The stories you’re hearing about lamp-lit, midnight pow-wows taking place in state offices are true. The states are working around the clock at a feverish pace to meet the Health Insurance Marketplace go-live date of Oct. 1, 2013. From conversations with my counterparts who are leading the marketplaces, I understand that some of the most significant concerns include:
- System of Record: For states building their own marketplaces, the first design decision is around the system of record. Some states are electing to use the HIX itself as their eligibility system of record, funneling all eligibility determinations – tax credits, cost-sharing reductions, Medicaid, Children’s Health Insurance Program (CHIP) and Basic Health Plan – through one platform. Other states are designing their marketplaces as entry points, from which eligibility decisions flow to a legacy system for determination decisions. Either way, states are finding that the project is akin to remodeling a 747 while it’s in the air.
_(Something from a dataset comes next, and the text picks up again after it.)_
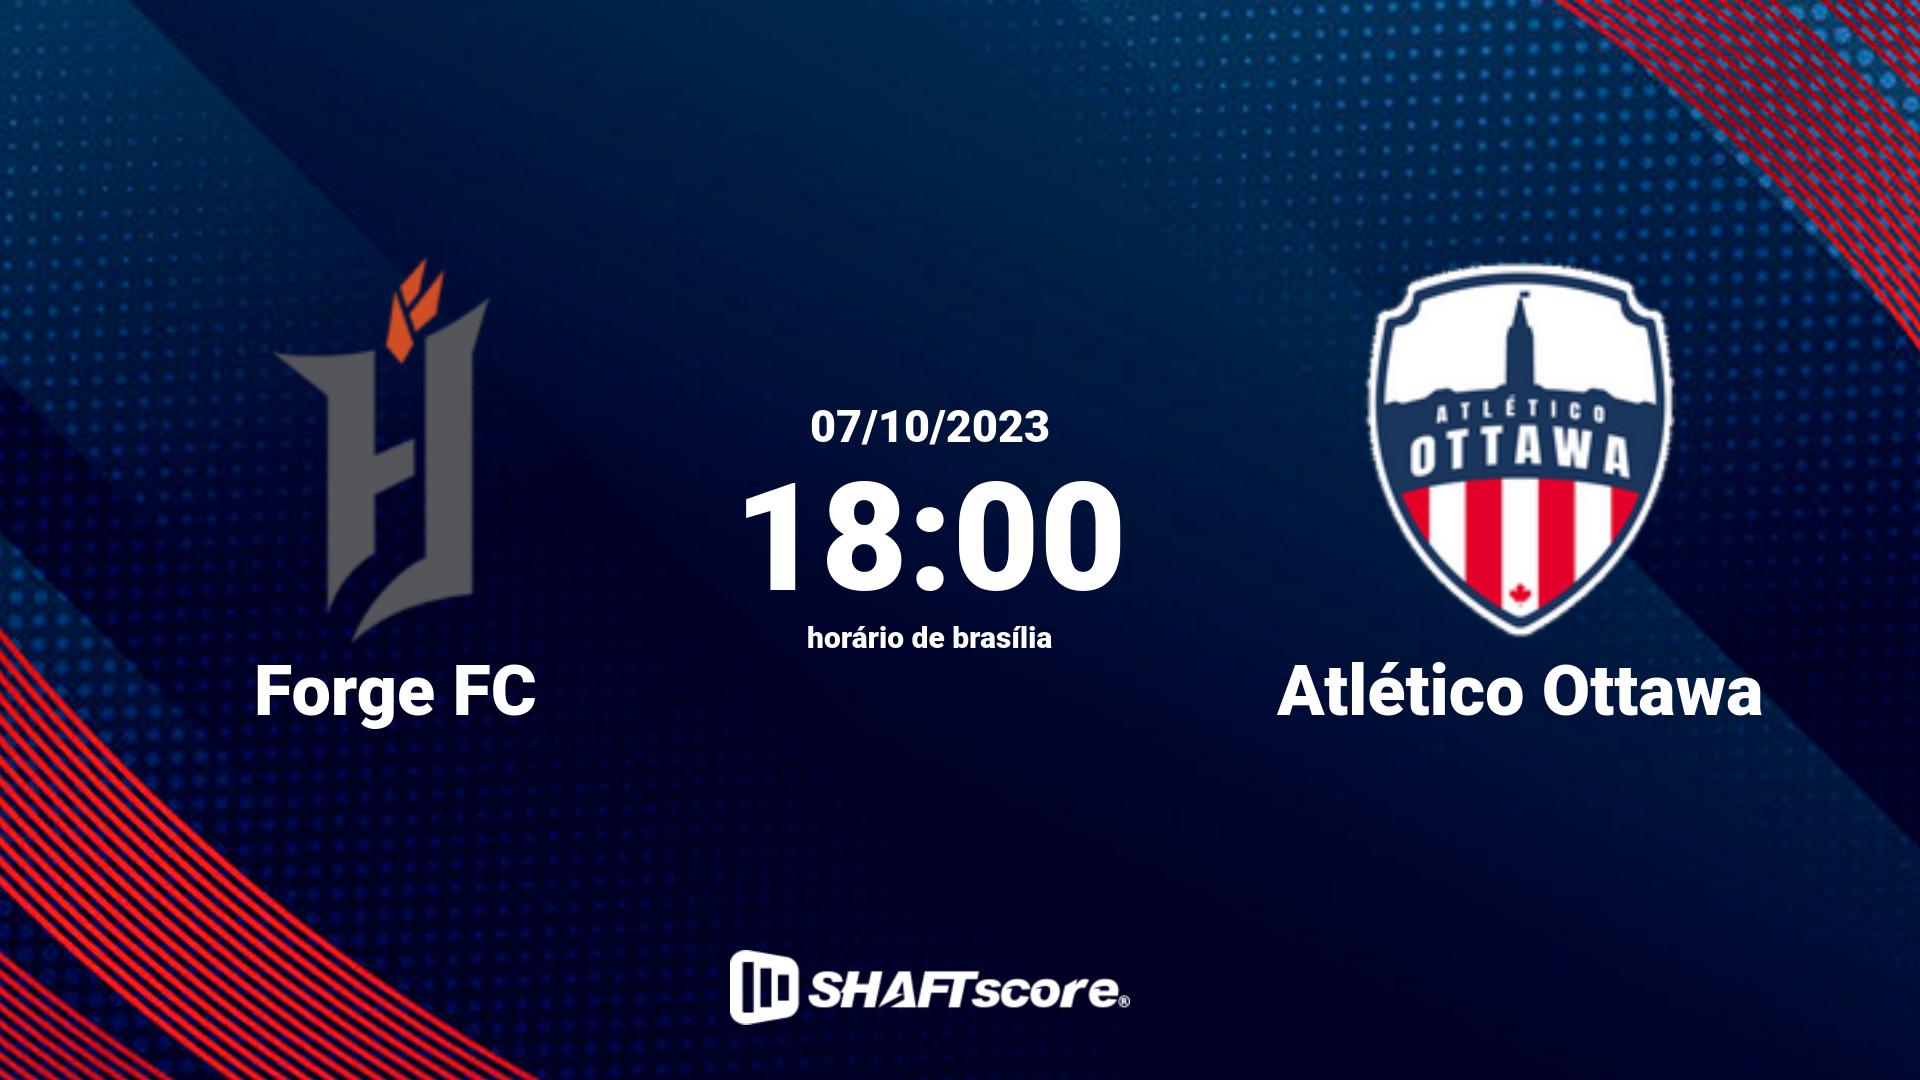 Estatísticas do jogo Forge FC vs Atlético Ottawa 07.10 18:00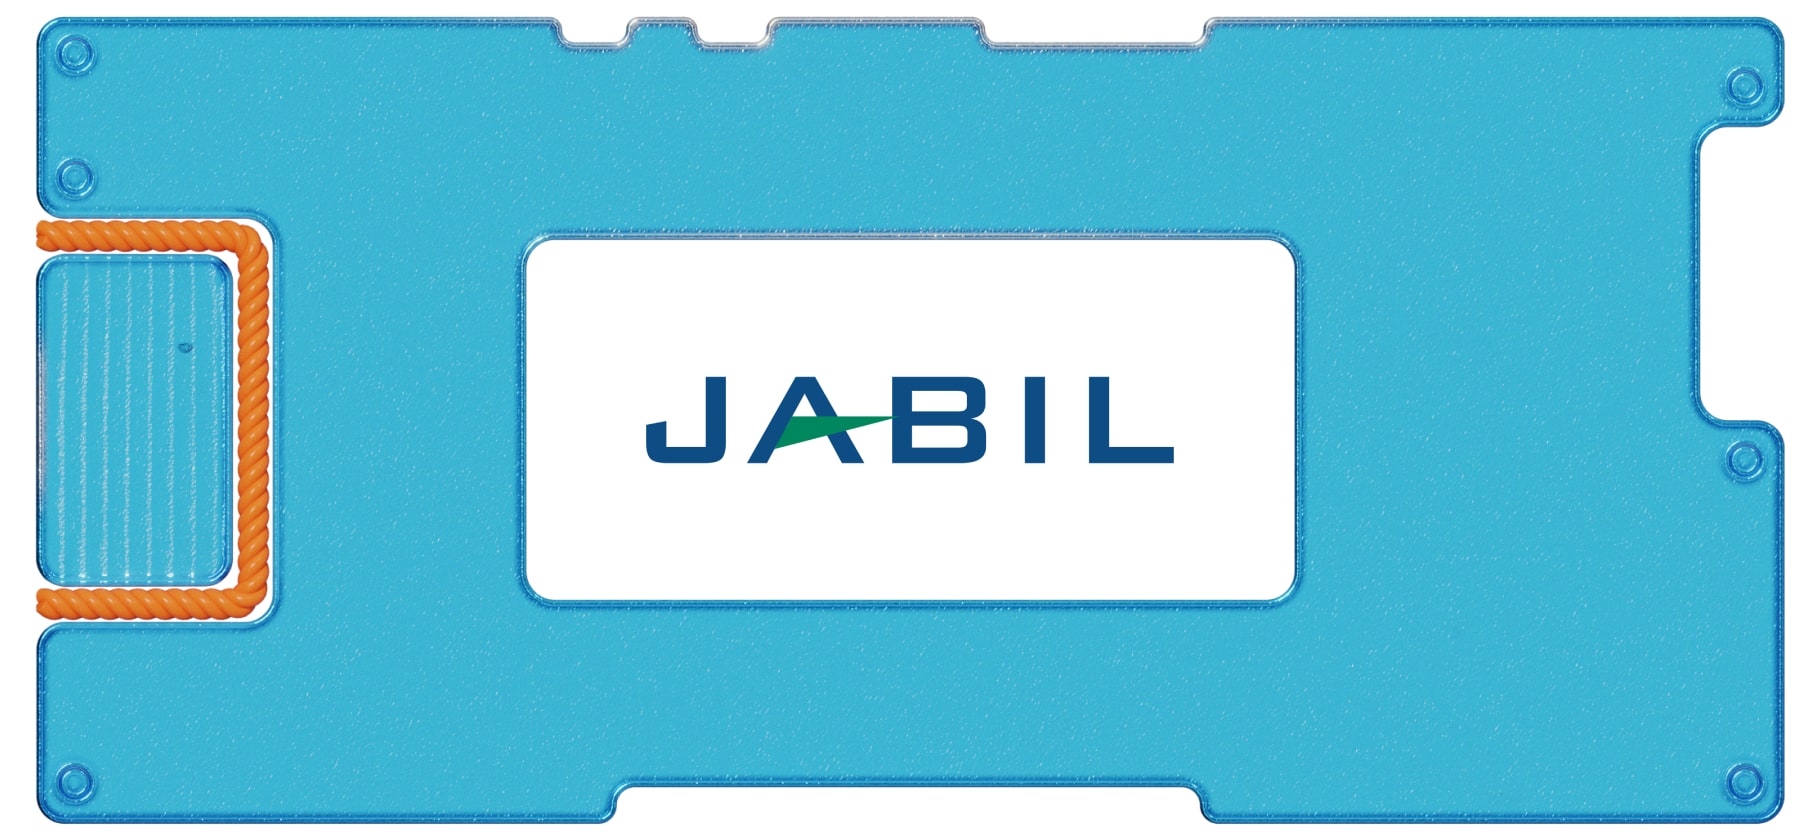 Инвестидея: Jabil, потому что Apple

The legacy systems need to be updated so they can coordinate and speak to the HIX. That’s a massive undertaking on its own, but it also has to be done while the HIX is still being designed.
- The Federal Hub: State marketplace leaders are also considering the readiness and functionality of the federal hub. States will be required to check in with the federal hub for applicants’ immigration status, income level, etc. The federal hub is being built and rolled out at the same time that states are designing the rules for how their marketplaces will speak to and integrate with it. Again, it’s a bit like remodeling an airplane mid-flight.